Things to consider including in your ERD:

  • Tables (system, custom, and virtual)

  • Relationship types (1:N, N:1, N:N)

  • Table mapping

  • Column mapping

  • Column type

  • High-level integration architecture

Types of data models

Data models for Microsoft Power Platform data structures typically fall into two general categories: logical and physical.

Logical data models

Logical data models are high-level diagrams that show the way that data flows through the system. These diagrams are frequently put together at the beginning of the project during discovery and before all of the columns have been defined. Generally, the logical data model diagram uses the business names of the tables, not the schema/database name.

Diagram showing a logical data model.

Physical data models

Physical data models are lower level than logical data models. They generally include column-level detail and more precisely designed relationships. The physical data model is created when the high-level logical design is translated to physical tables. A common type of physical data model is an Entity Relationship Diagram (ERD), or table relationship diagram.

Diagram showing a physical data model.

Data modeling is a science, and there are data modeling professionals and established standards for data modeling. To be effective with Microsoft Power Platform data modeling, you don’t have to be a professional data modeler or use any special tools. Popular tools like Microsoft Visio can be used to quickly create a basic diagram that visualizes the relationships and flow of data between tables and so can casual planning with whiteboard drawings. In this section, we discuss some general best practices for data modeling for deployments.

  • Data models should be updated continuously during a deployment. It’s common for a data model to be designed at the beginning of a project, but it is very important that it doesn’t stop there. As you go through the deployment, new columns and tables will be added - it’s important to capture these in the data model and make it a “living” data model. Recommend to customers that they continue to update it as they enhance the system.

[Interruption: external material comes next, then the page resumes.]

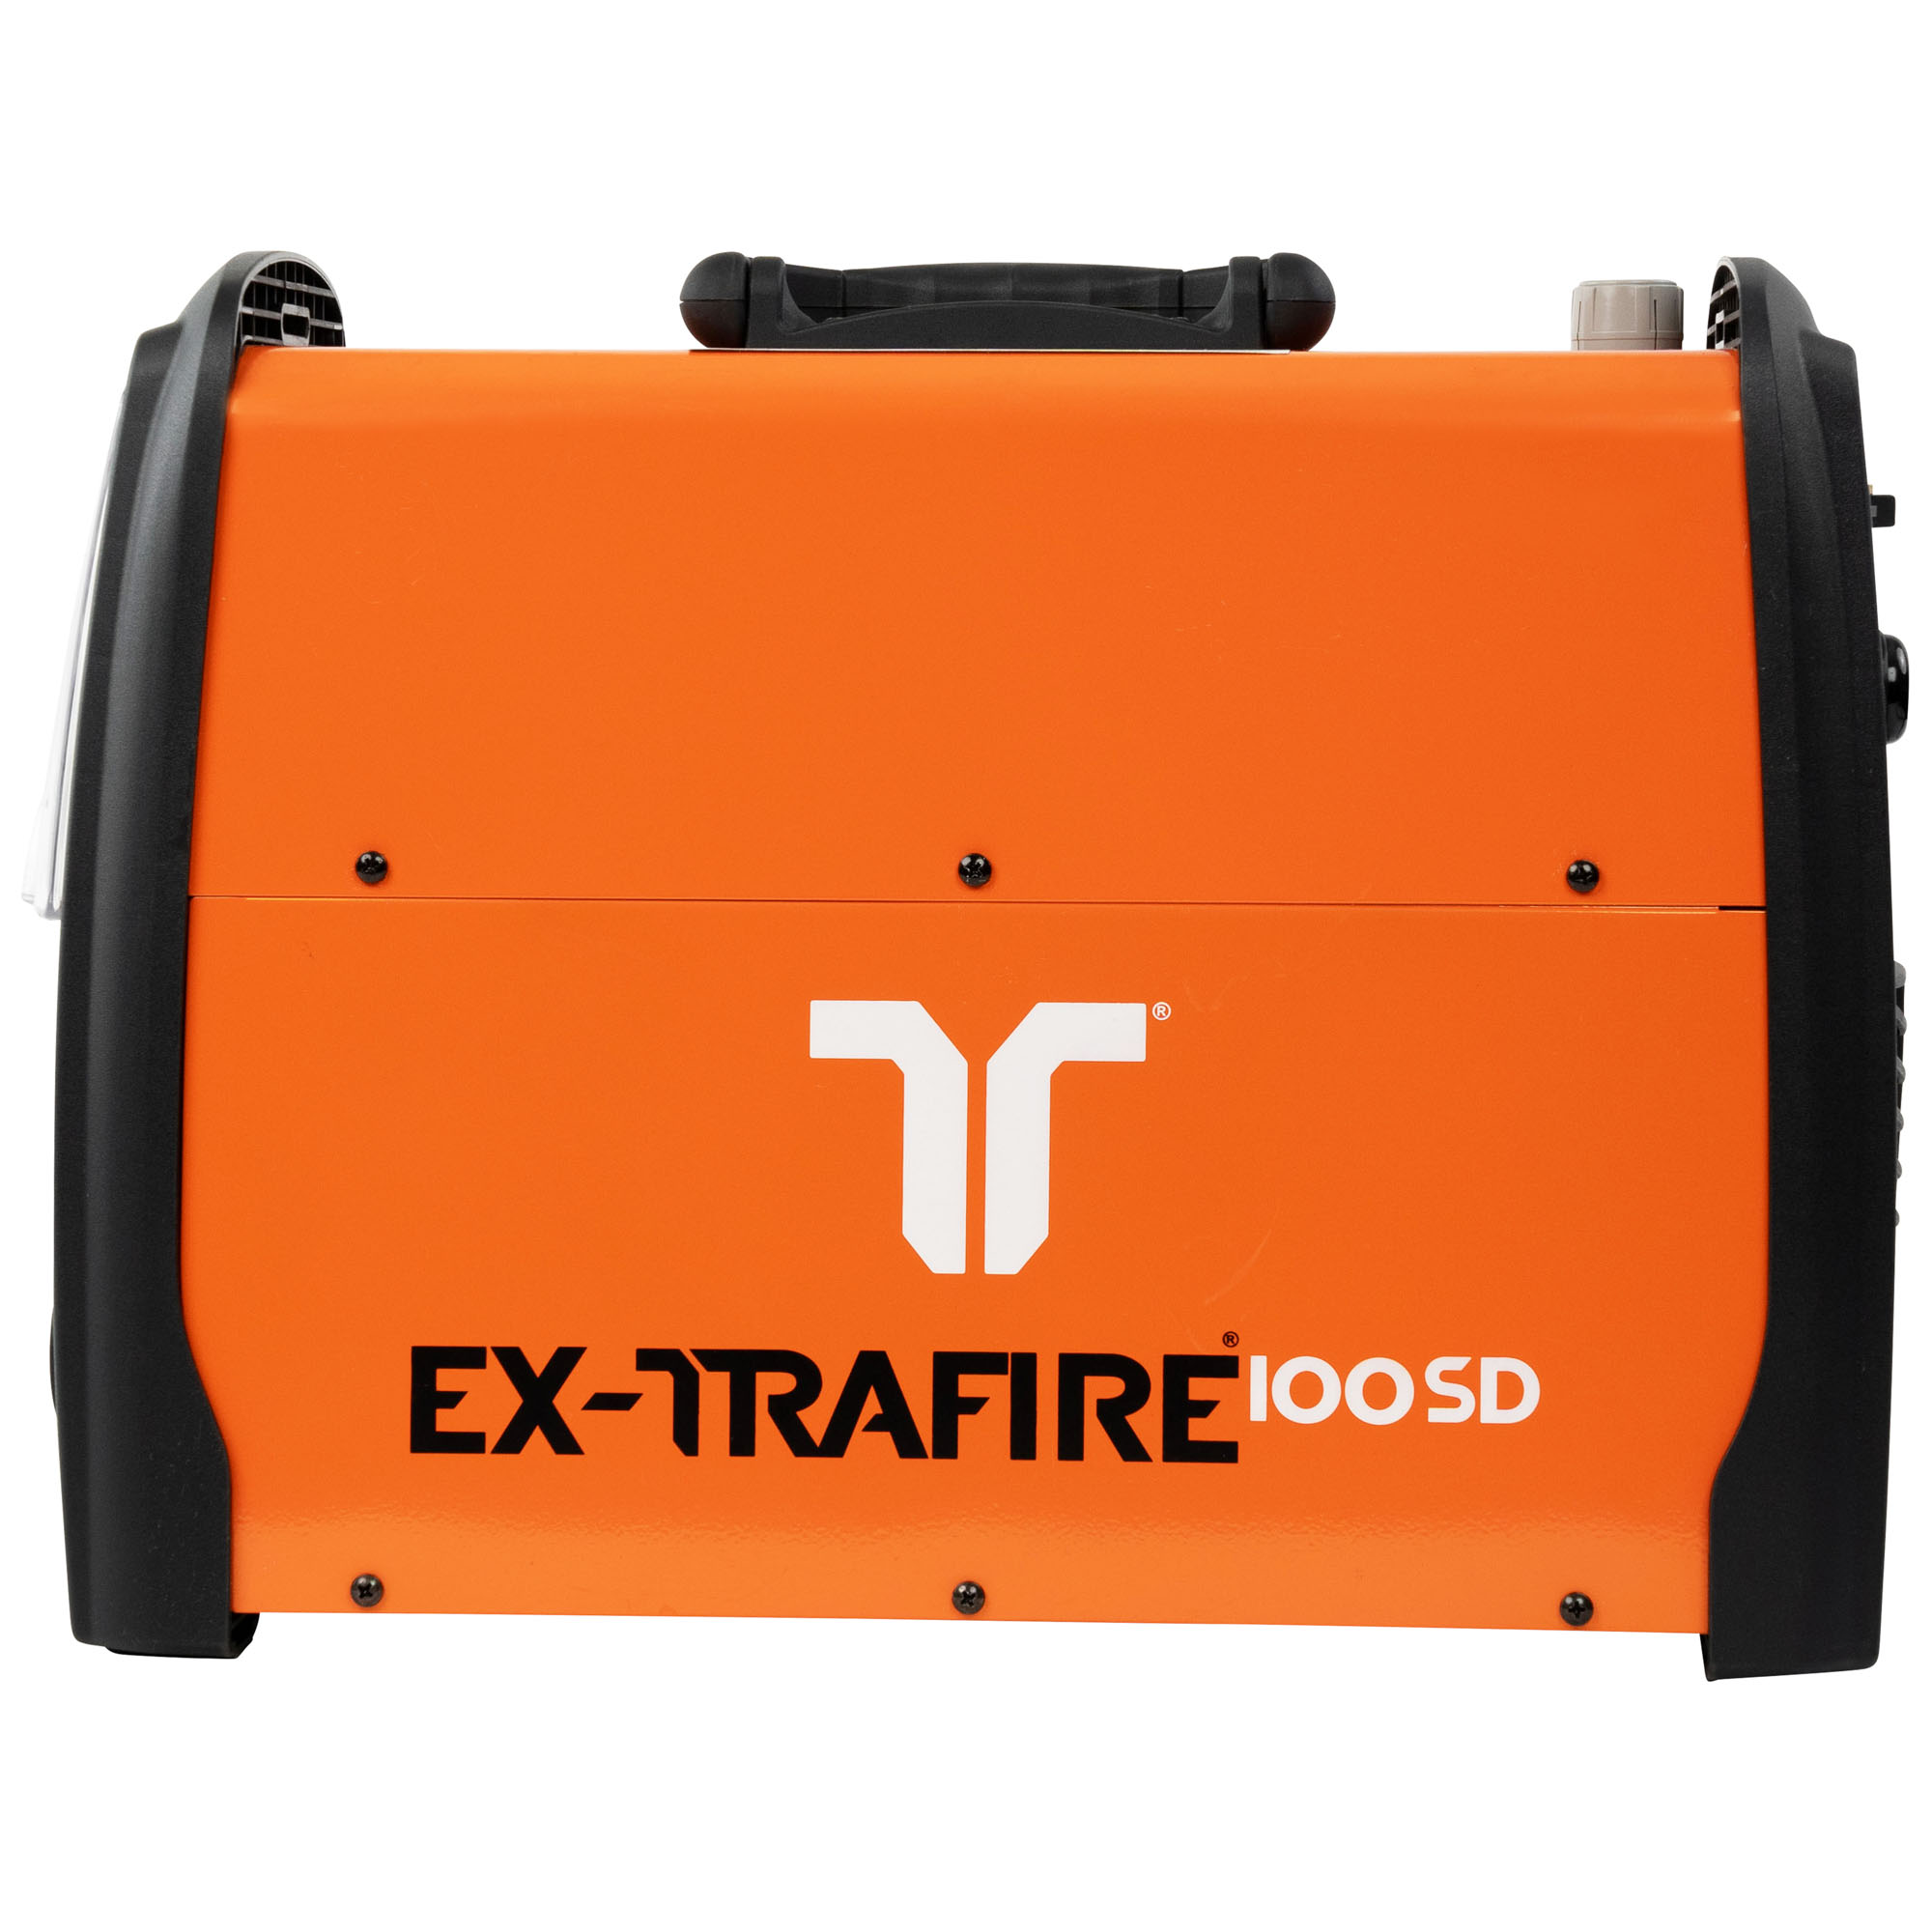 Thermacut EX-TRAFIRE 100SD / Hand System / 8m Brenner / Starter-Kit

  • Don’t start from scratch. Community tools available with the XRM Toolbox (xrmtoolbox.com) make it easy to quickly generate ERD diagrams of your data configuration. These tools include the UML Generator and Entity Relationship Diagram Generator. After you complete configuration updates, generate an up-to-date diagram.

  • Don’t include every table. Some core tables, such as activities, notes, and users (row or record owners) are related to nearly every table. If you include every relationship with these tables in your data model, the result will be unreadable. Best practice is to only include the primary tables leveraged in your configuration in your data model diagram and only include custom relationships with the user and activity tables to maximize readability.

  • Data models should include tables outside of the Dataverse data model. If you are integrating with other systems via Dataverse data connectors or virtual tables, or if data flows outside of Dataverse via an integration, this data should also be represented in your data model diagram.

  • Start simple, with the standard tables, then add custom table (entity) relationships to your data model.

  • Start with what you need now but design the data model in a way that will support what you are going to be doing in the future. For example, if you know that down the road you will need to store additional details about sales territories, using a text column for territory now will make it more difficult to implement than if you use the territory table relationship. Plan for what is coming.